Dvincent From United States of America, joined Jan 2007, 1758 posts, RR: 10
Reply 20, posted (5 years 2 months 2 weeks 6 days 2 hours ago) and read 7532 times:
Quoting RonS (Reply 9): So I have to ask, why is this not approved? To me it is similar to cloning out a dust spot in the sky. My lens (70-200 f/4's, 28-105, 50MM 1.8) all make these ghost lights.
do you use UV filters on your lenses? If so, remove them.
Quoting Whisperjet (Reply 18): Correct, but that never worked for me. When I clicked in a black or white area the result was much closer to what I think it should be like than using a neutral area. I usually try a lot of areas until the result looks acceptable to me.

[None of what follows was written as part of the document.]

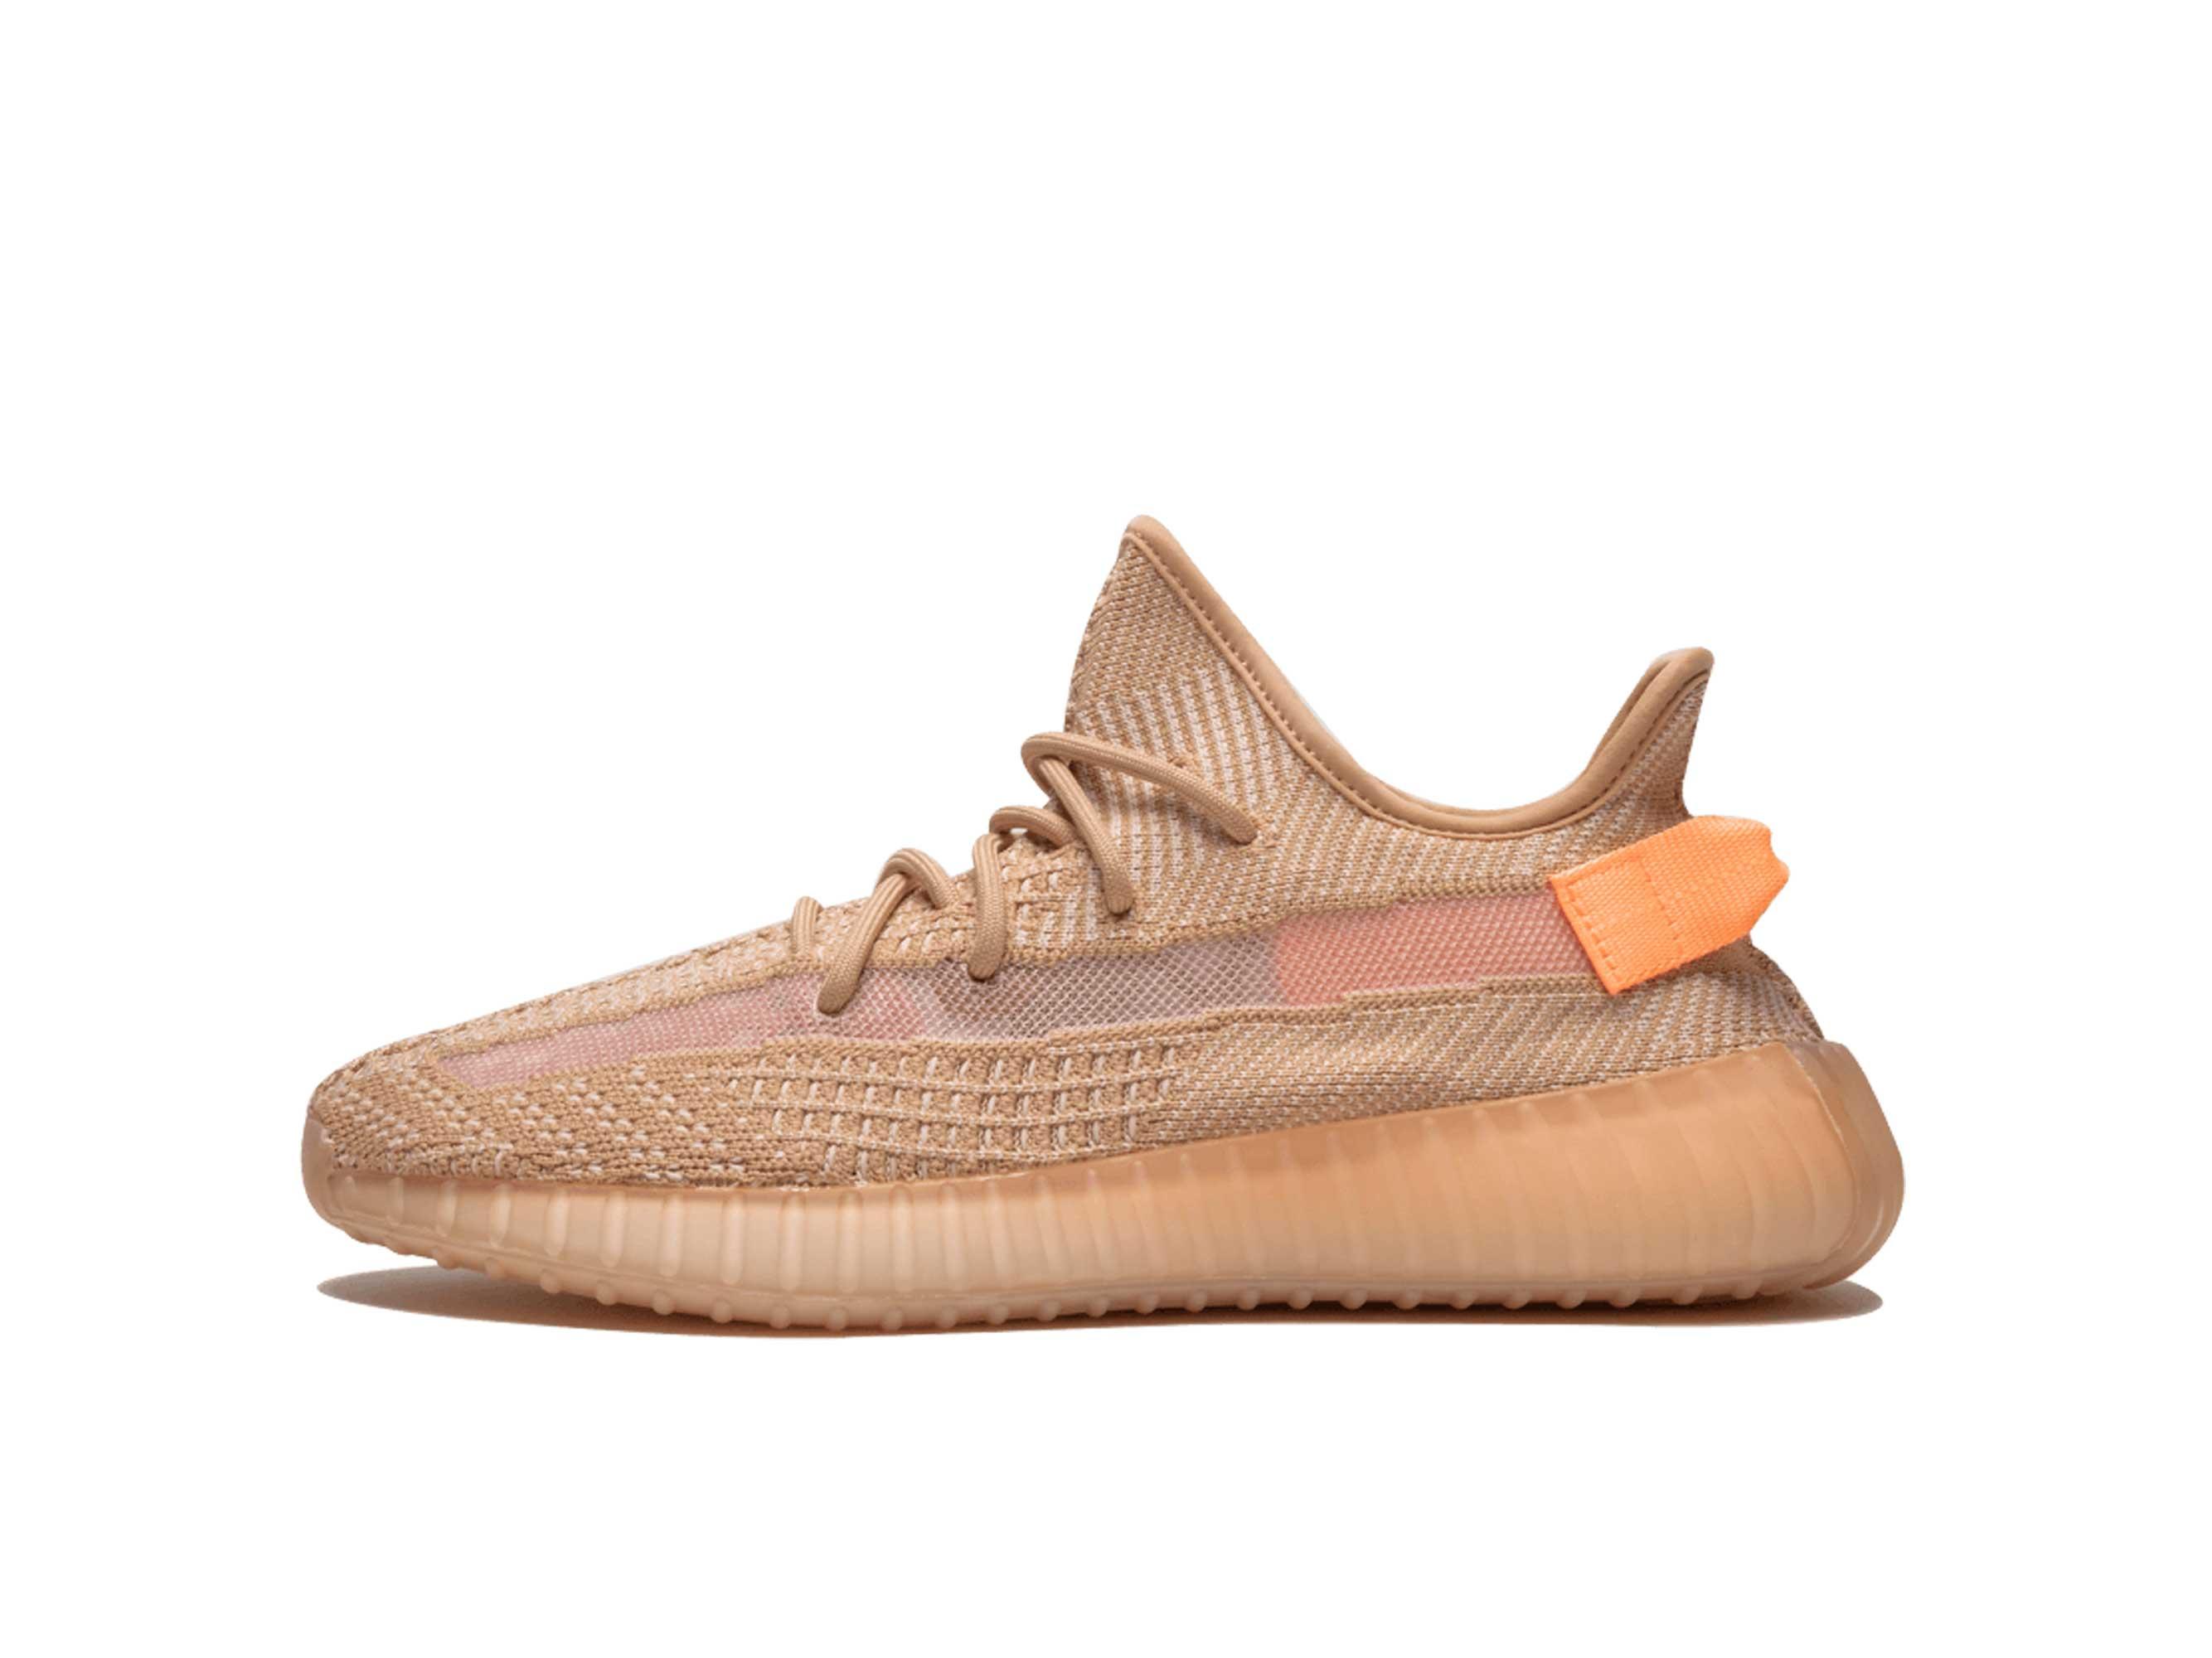 adidas yeezy boost 350 V2 clay ⋆ adidas
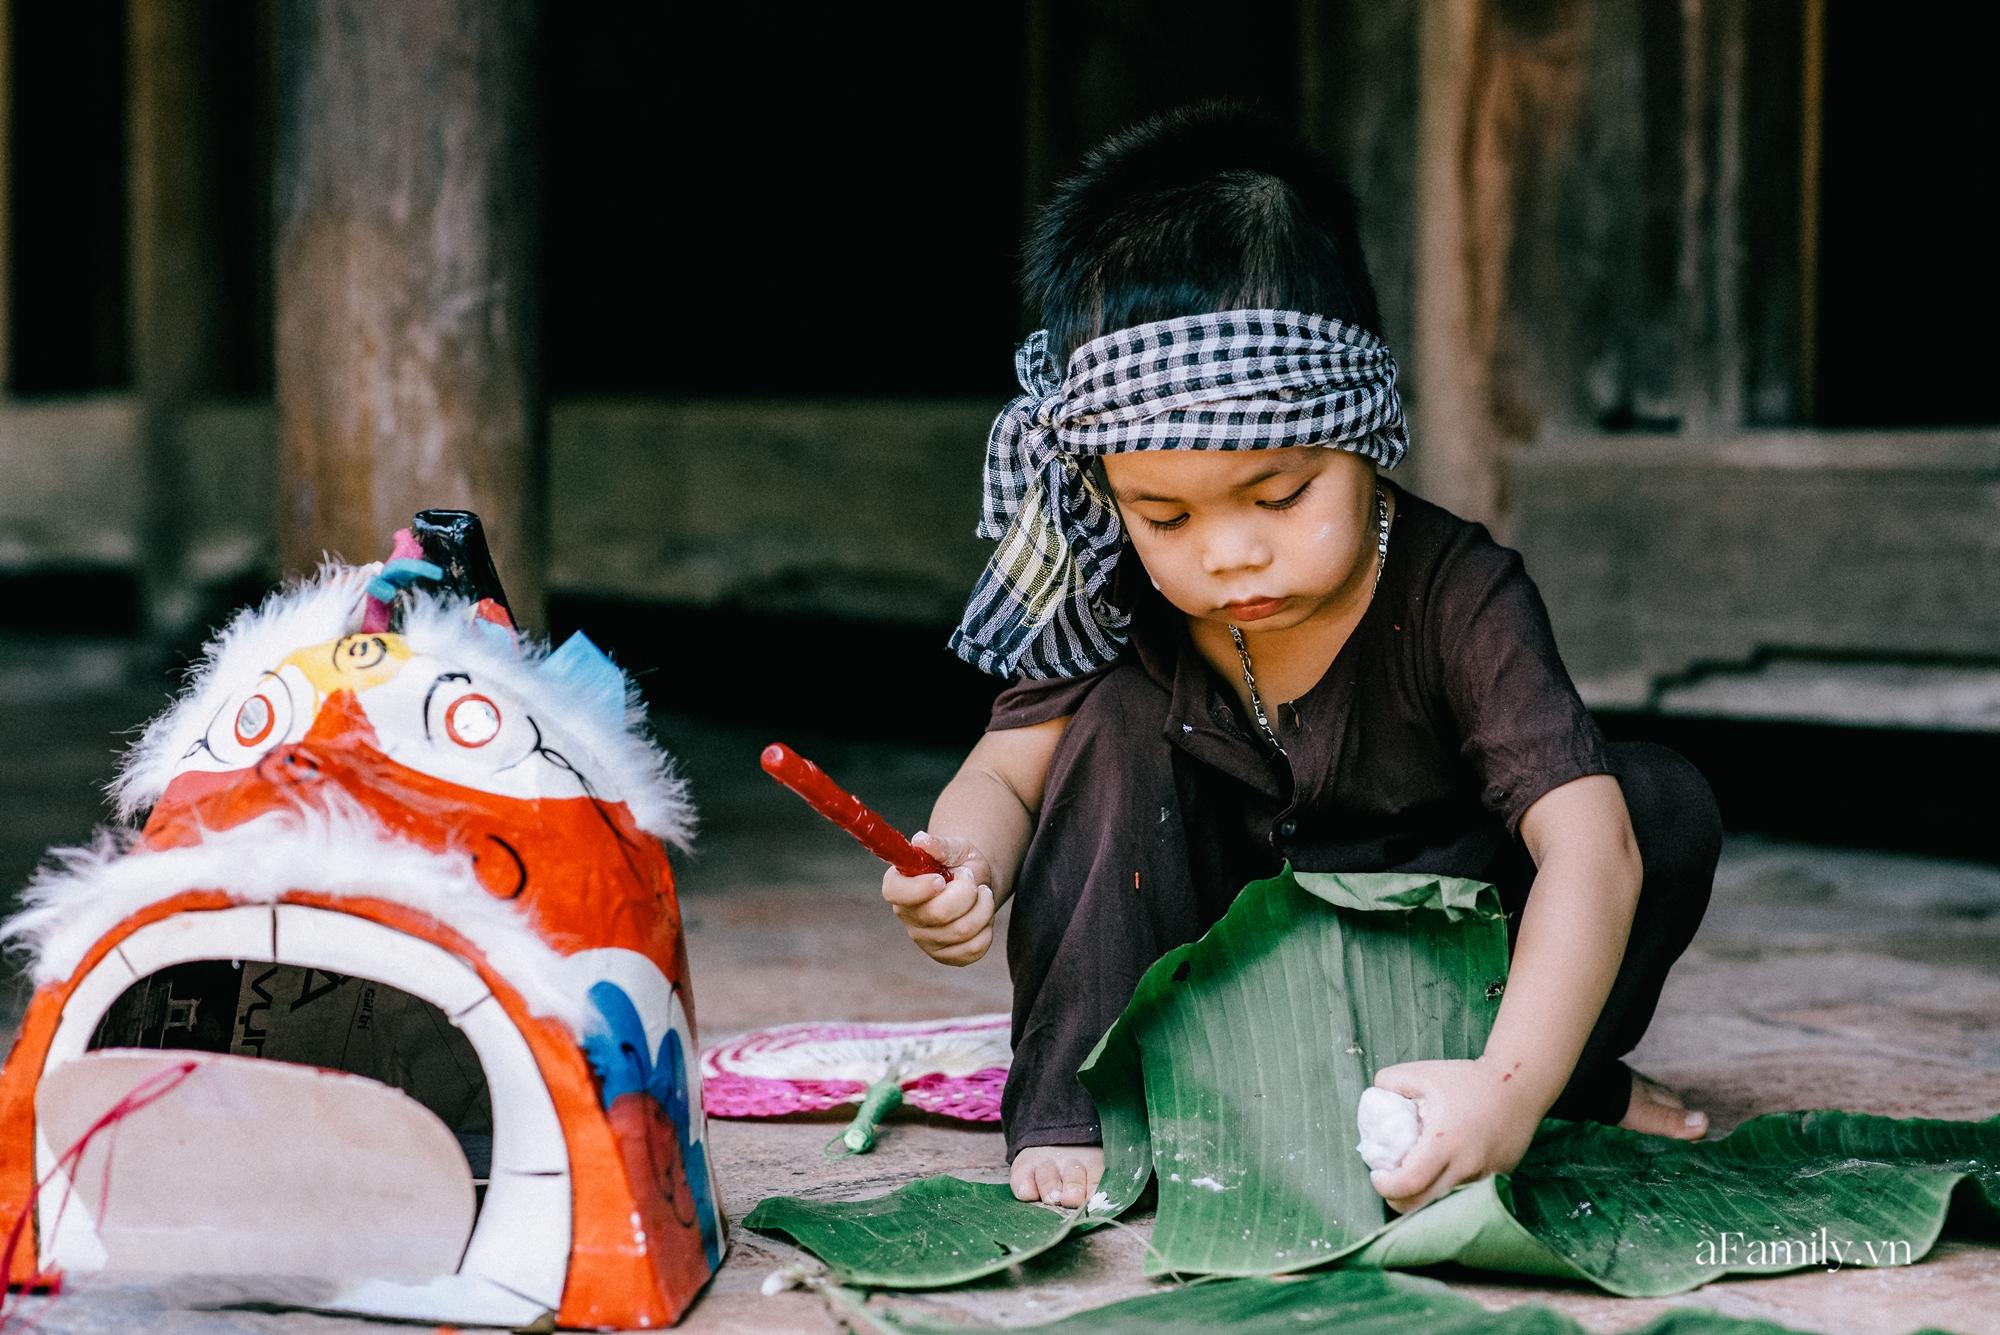 Trung thu cũ xưa ngay giữa lòng Hà Nội, nơi các em nhỏ được tận hưởng niềm vui còn bố mẹ thì được trở lại tuổi thơ chỉ với 40.000 đồng - Ảnh 2.

It depends on the logic of the white balance clicker. Adobe's WB clicker expects an 18% gray neutral. If you have a color checker, gray card, etc. this is what you'd click it on. Many gray paints are not truly neutral grays, they are in fact warm or cool grays. This affects the balance done by the clicker. The one in the LH scheme is a fairly cool gray, for instance. A gray card or XRite colorchecker is the best idea for a test frame so you can get a good point of reference.
The only times I've had to shoot night shots were for static private jets, and I have an Xrite balance card (gray, white, black stripes) to give me a reference point.
The problem is that a lot of airport lights are these sodium vapor lights that don't really produce color all that well, so balancing for them is a tricky act because you're creating a bit of a facsimile of "white light." There's a lot of spectrum missing from these, so colors might look a little weird or off even if you've gotten the white balance correct.